■ **WORK REQUEST**
Exclude the pictures and set down, unaltered, the lines from the one that holds "LOT/ SKID WITH" through the end of the data.

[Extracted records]
==========

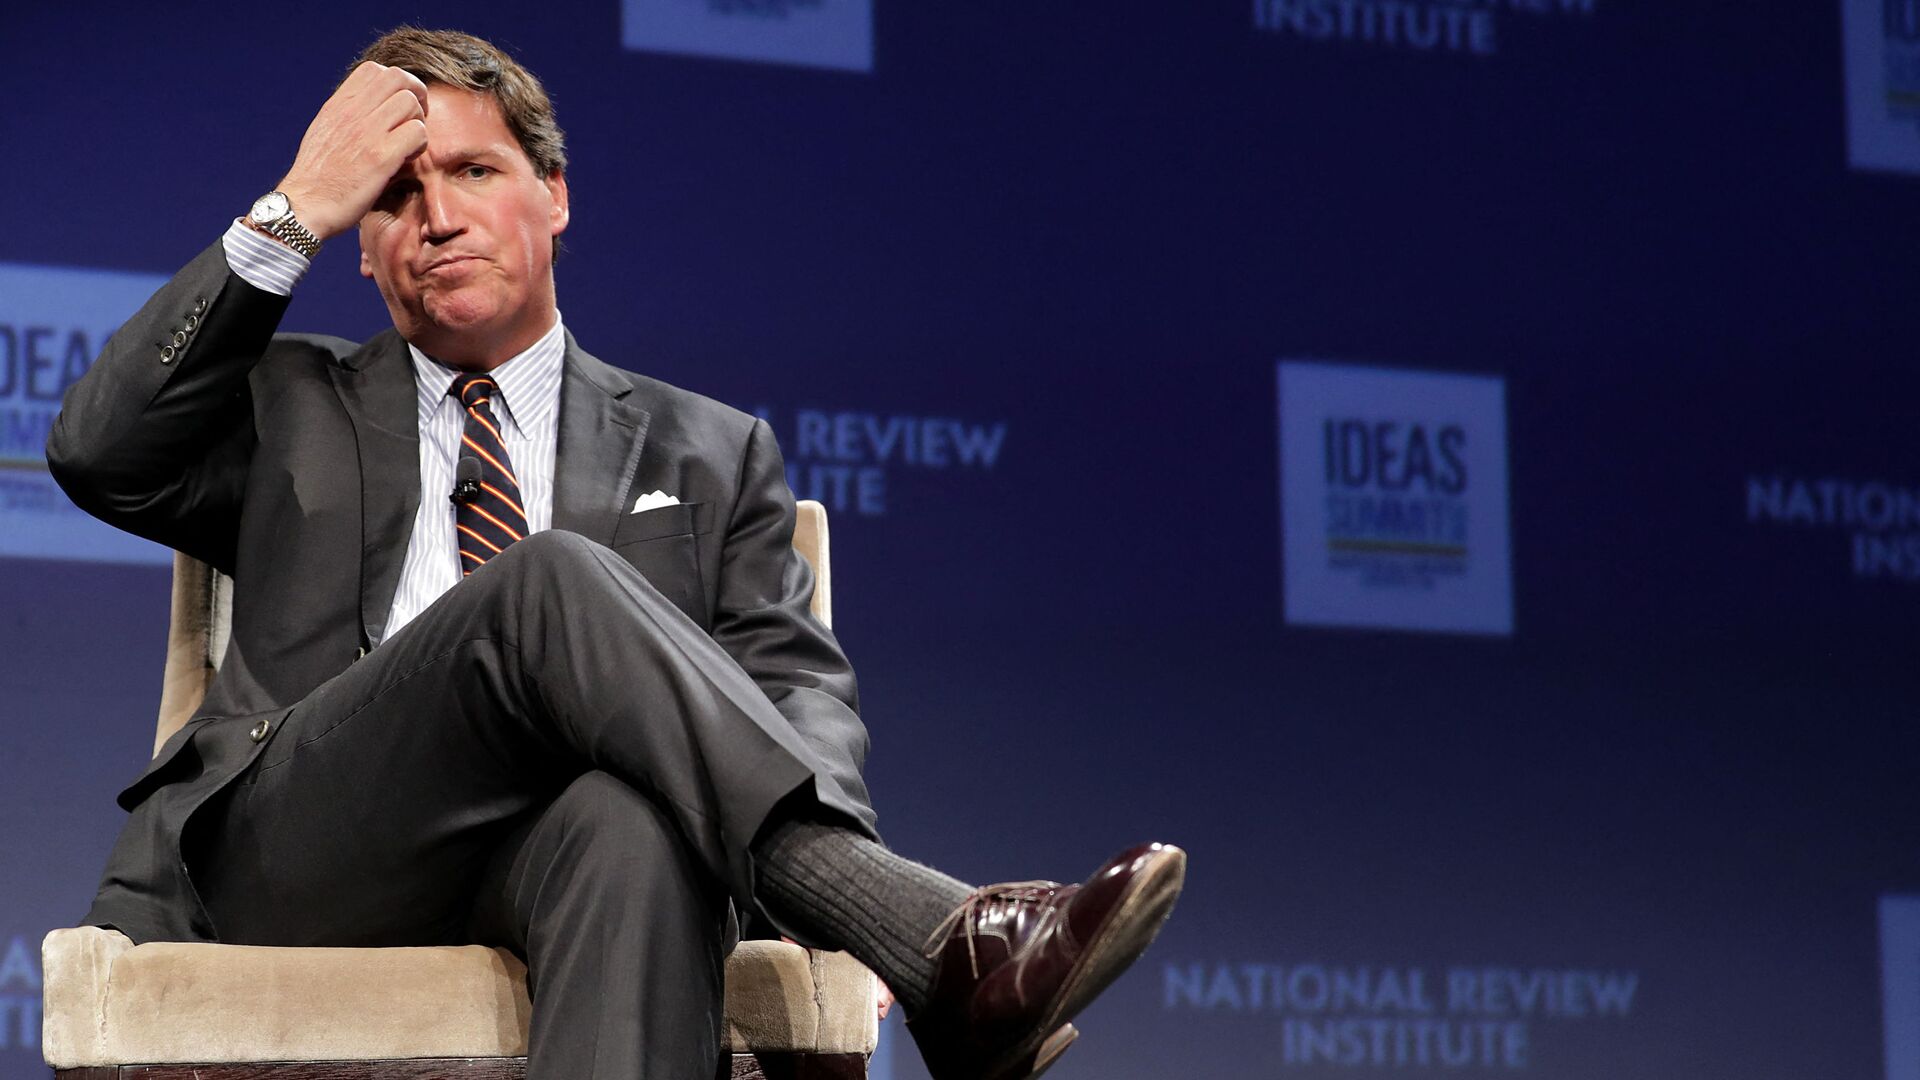 WASHINGTON, DC - MARCH 29: Fox News host Tucker Carlson discusses 'Populism and the Right' during the National Review Institute's Ideas Summit at the Mandarin Oriental Hotel March 29, 2019 in Washington, DC. - Sputnik International, 1920, 22.11.2021
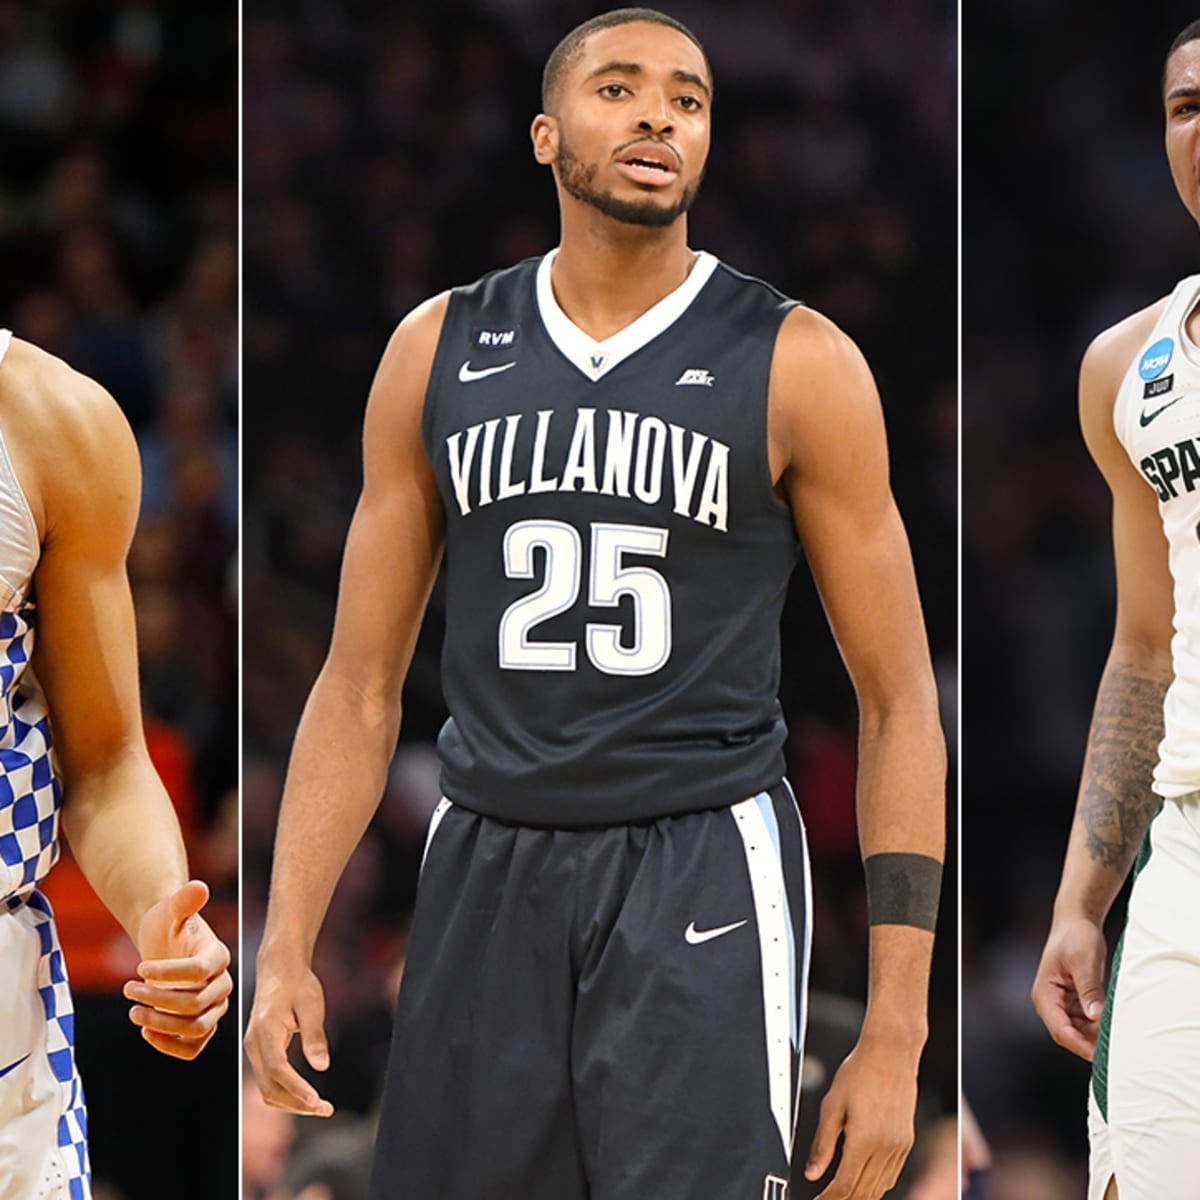 Ncaawildcats Mikal Bridges Can Be Translated To Italian As 
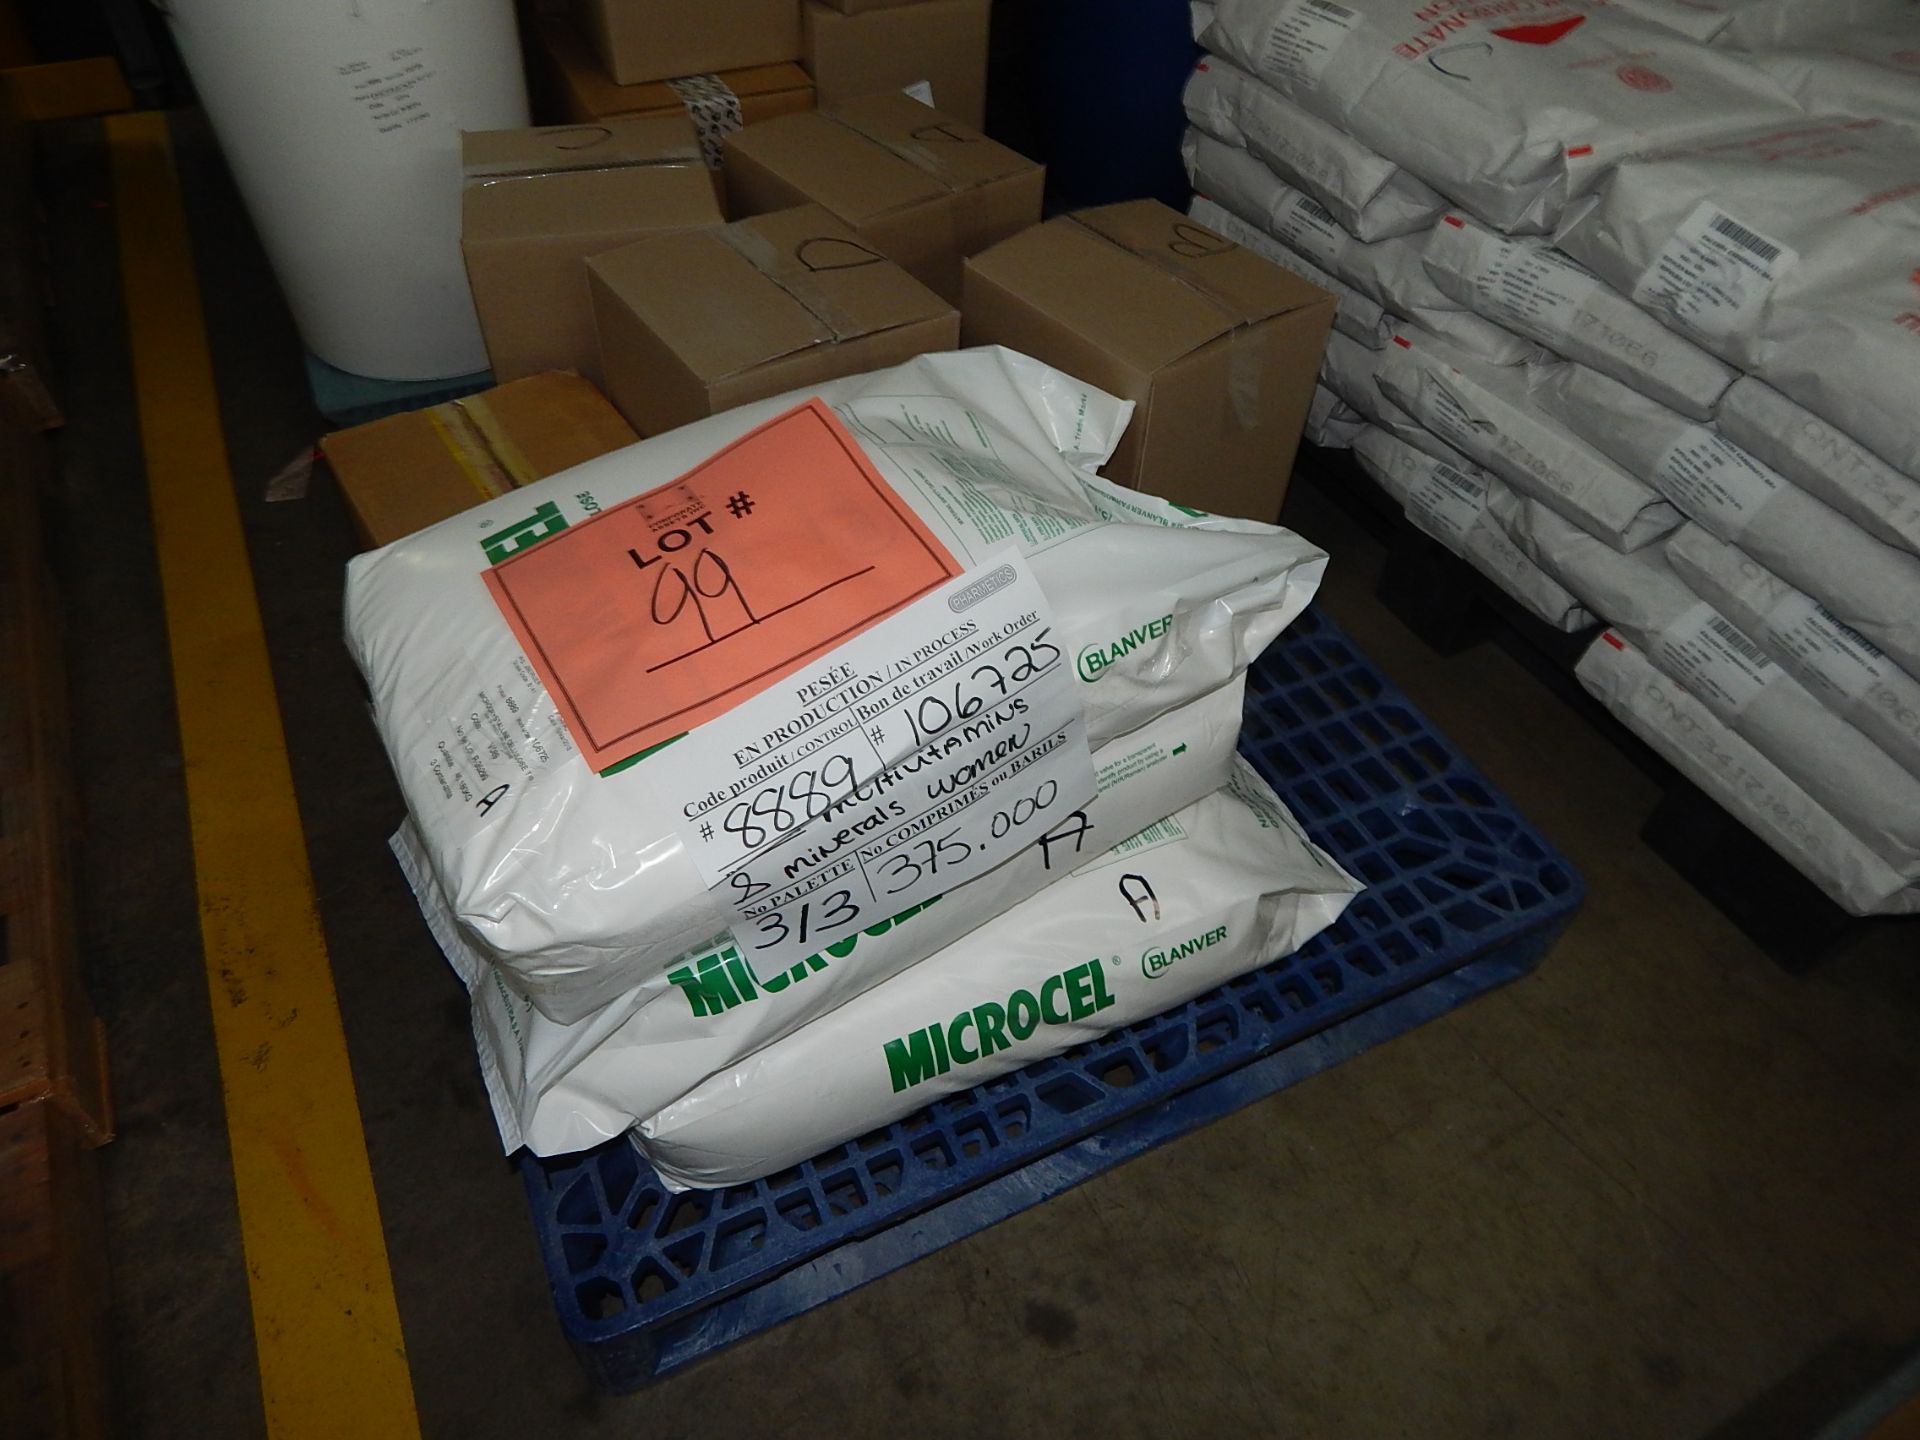 LOT/ SKID WITH CONTENTS CONSISTING OF BAGS OF MICROCYSTALLINE, ACETAMINOPHEN AND PHARMCEUTICAL
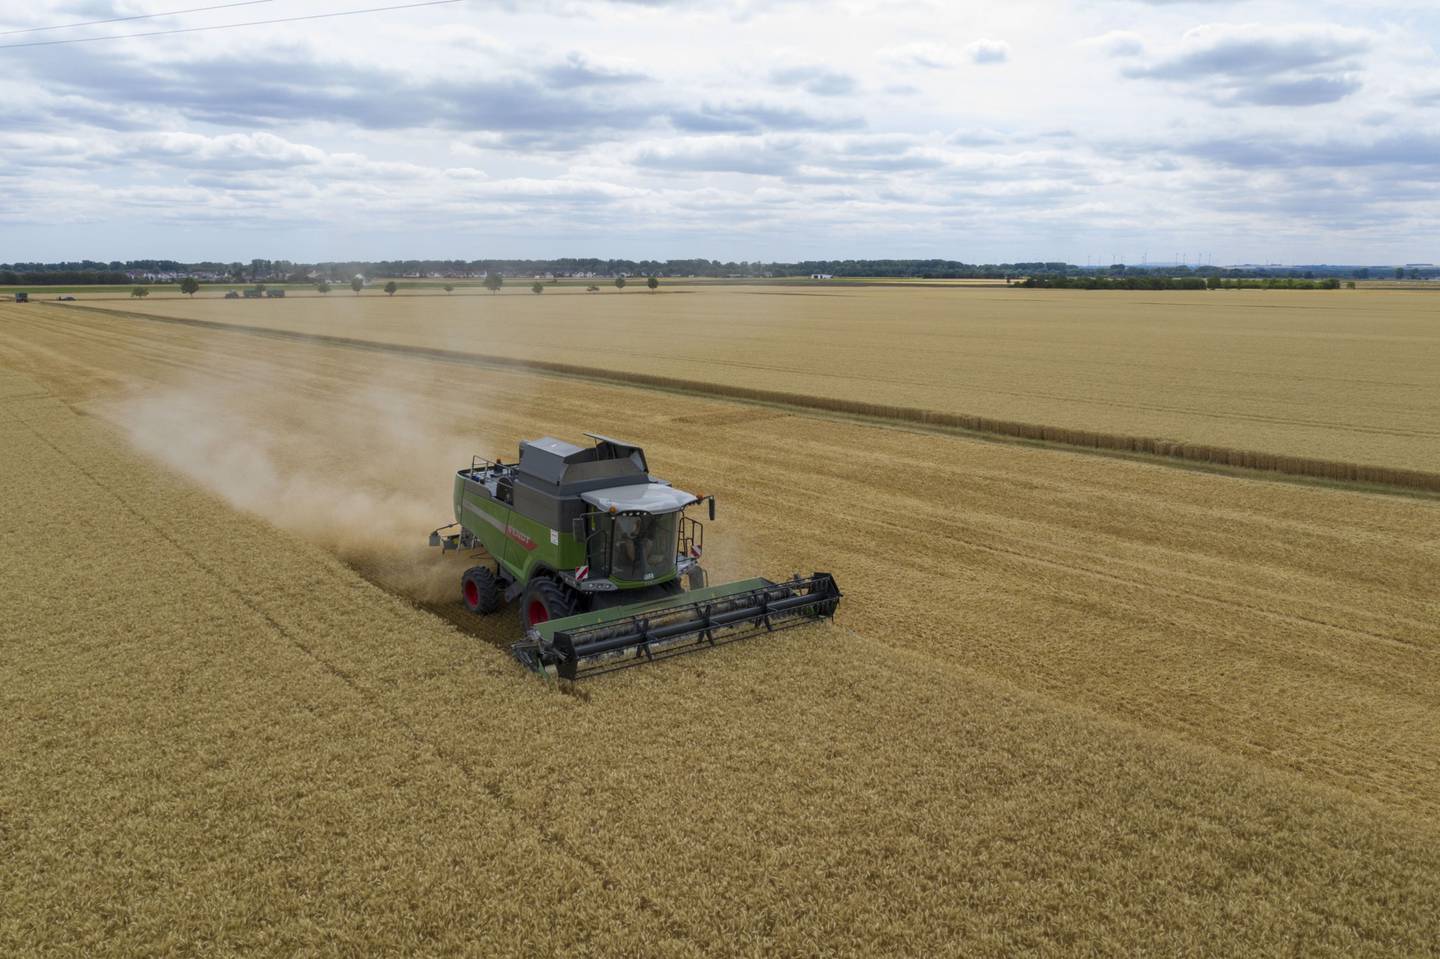 A combine harvester in a field of wheat.dfd
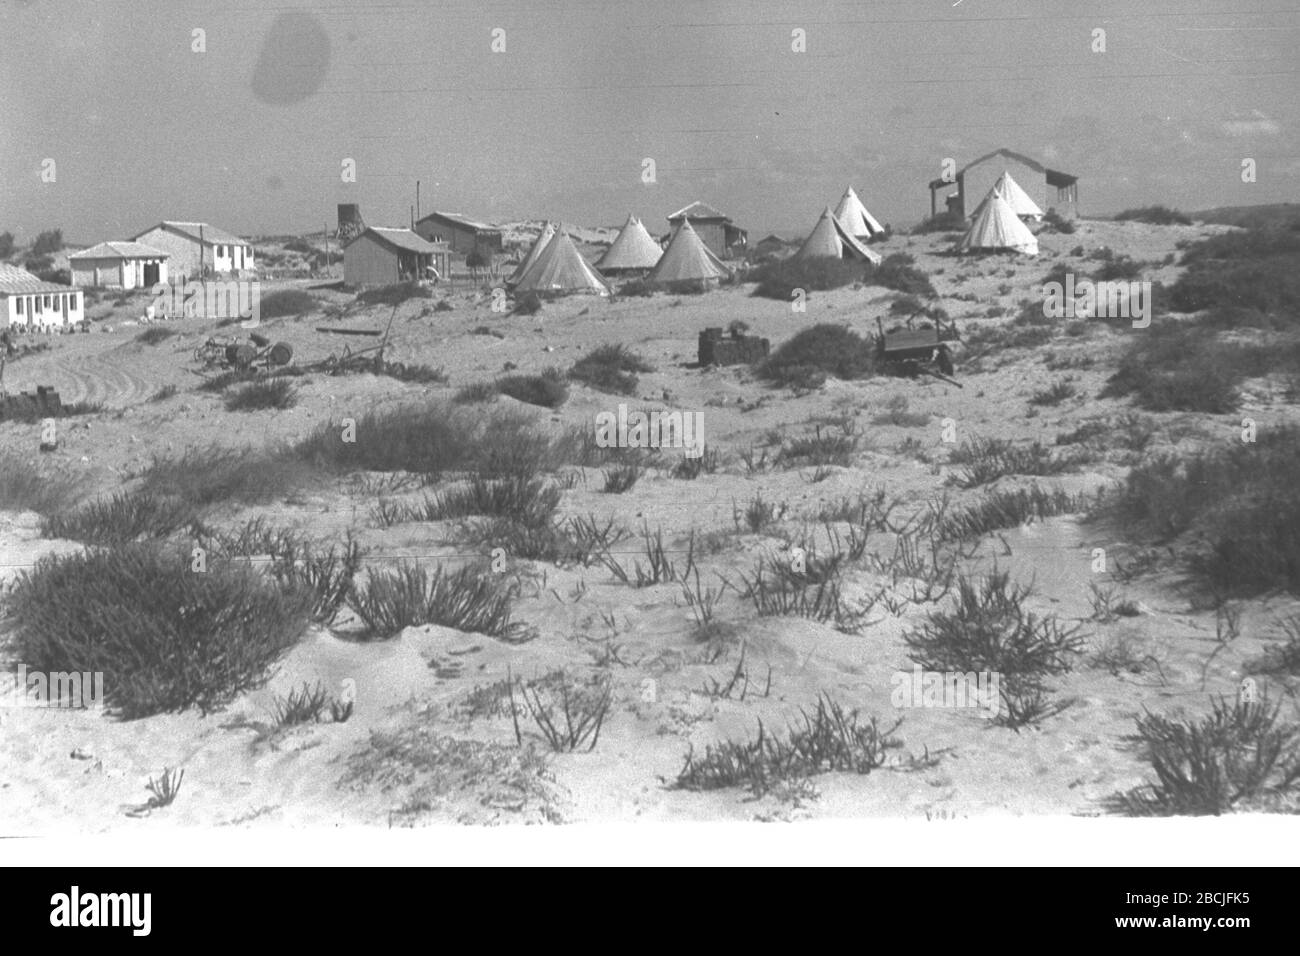 English Kibbutz Sdot Yam Near Caesarea Ss O E I C I I O U U O I Ss O O I 30 October 1944 This Is Available From National Photo Collection Of Israel Photography Dept Goverment Press Office Link Under The Digital

==========

■ **ANSWER FOR THIS EXERCISE**
 LOT/ SKID WITH CONTENTS CONSISTING OF BAGS OF MICROCYSTALLINE, ACETAMINOPHEN AND PHARMCEUTICAL
 A combine harvester in a field of wheat.dfd
 English Kibbutz Sdot Yam Near Caesarea Ss O E I C I I O U U O I Ss O O I 30 October 1944 This Is Available From National Photo Collection Of Israel Photography Dept Goverment Press Office Link Under The Digital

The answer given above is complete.